Compared to JSON, marshal's stringify
and parse
is both more tolerant and
less tolerant of what data it accepts. Marshal is more tolerant in that it will
encode NaN
, Infinity
, -Infinity
, BigInts, and
undefined
. Marshal is less tolerant in that accepts only pass-by-copy data
according to the semantics of our distributed object model, as enforced
by marshal---the Passable
type exported by the marshal package. For example,
all objects-as-records must be frozen, inherit from Object.prototype
and have
only enumerable string-named own properties. When JSON encounters something it
does not like, JSON rejects it by skipping it. Marshal rejects it by throwing
an error terminating the whole serialization.
The JSON methods have more than one parameter, enabling customization
of the operation, for example with replacers or revivers.

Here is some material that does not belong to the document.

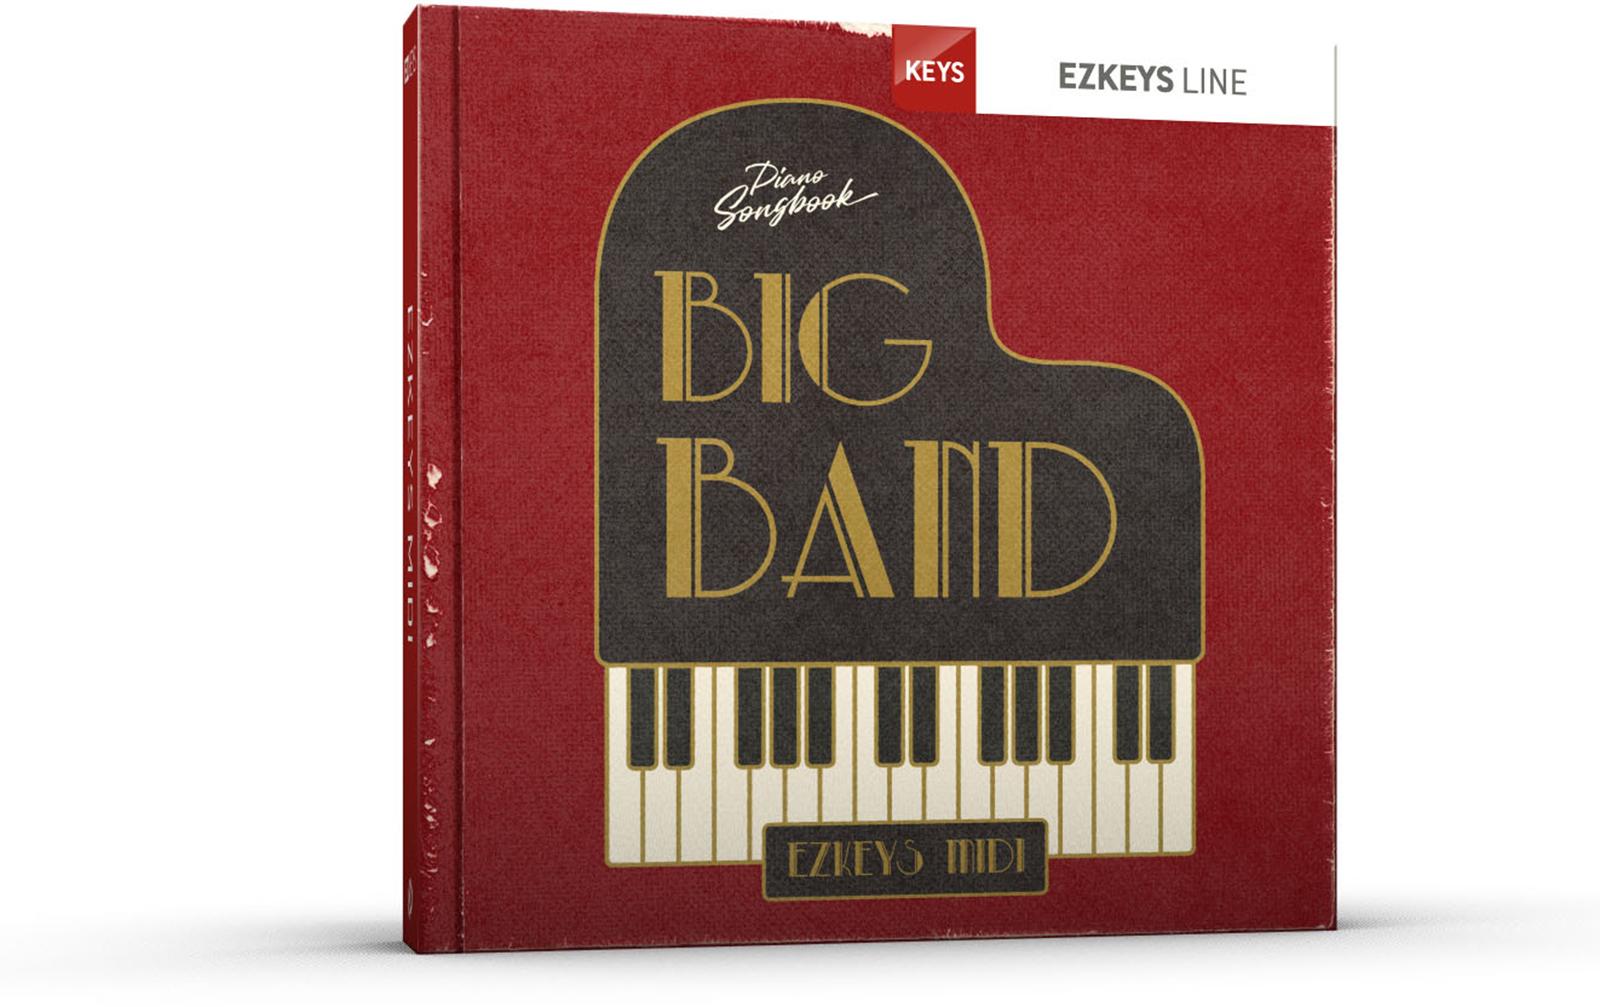 toontrack-ezkeys-big-band-midi-pack-download-

These
marshal-based alternative do not.
The full marshal package will serialize Passable
objects containing
presences and promises, because it serializes to a CapData
structure
containing both a body
string and a slots
array. Marshal's stringify
function serializes only to a string, and so will not
accept any presences or promises. If any are found in the input, this
stringify
will throw an error. The OnlyData
type exported by this marshal
represents that restriction.
Any encoding into JSON of data JSON does not directly represent, such as NaN
relies on some kind of escape which signals the decoding side to decode that
encoding rather than passing it through literally. For marshal this is signaled
by the presence or absence of a property named "@qclass"
as explained above.
If you feed such a structure into stringify
as data, stringify
will reject
it, just as normal marshal's serialize
would. This prohibition is not the
ideal solution. We could instead use another level of "@qclass"
to encode the
"@qclass"
data so that it decoded into "@qclass"
data. However, this
is unlikely enough to fail by accident, and is safely stopped when it happens
maliciously. Thus adding this extra level of encoding is not urgent. In the
meantime, the prohibition does catch the accident where it happens when it
was not supposed to happen. This is probably the more important case to
optimize for anyway.
Unfortunately, at the present time, because of
Empty objects are surprising (#2018)
plain empty objects, which should be valid OnlyData
and serialize fine,
are instead rejected because they are currently classified as a presence.
We are in the process of fixing this.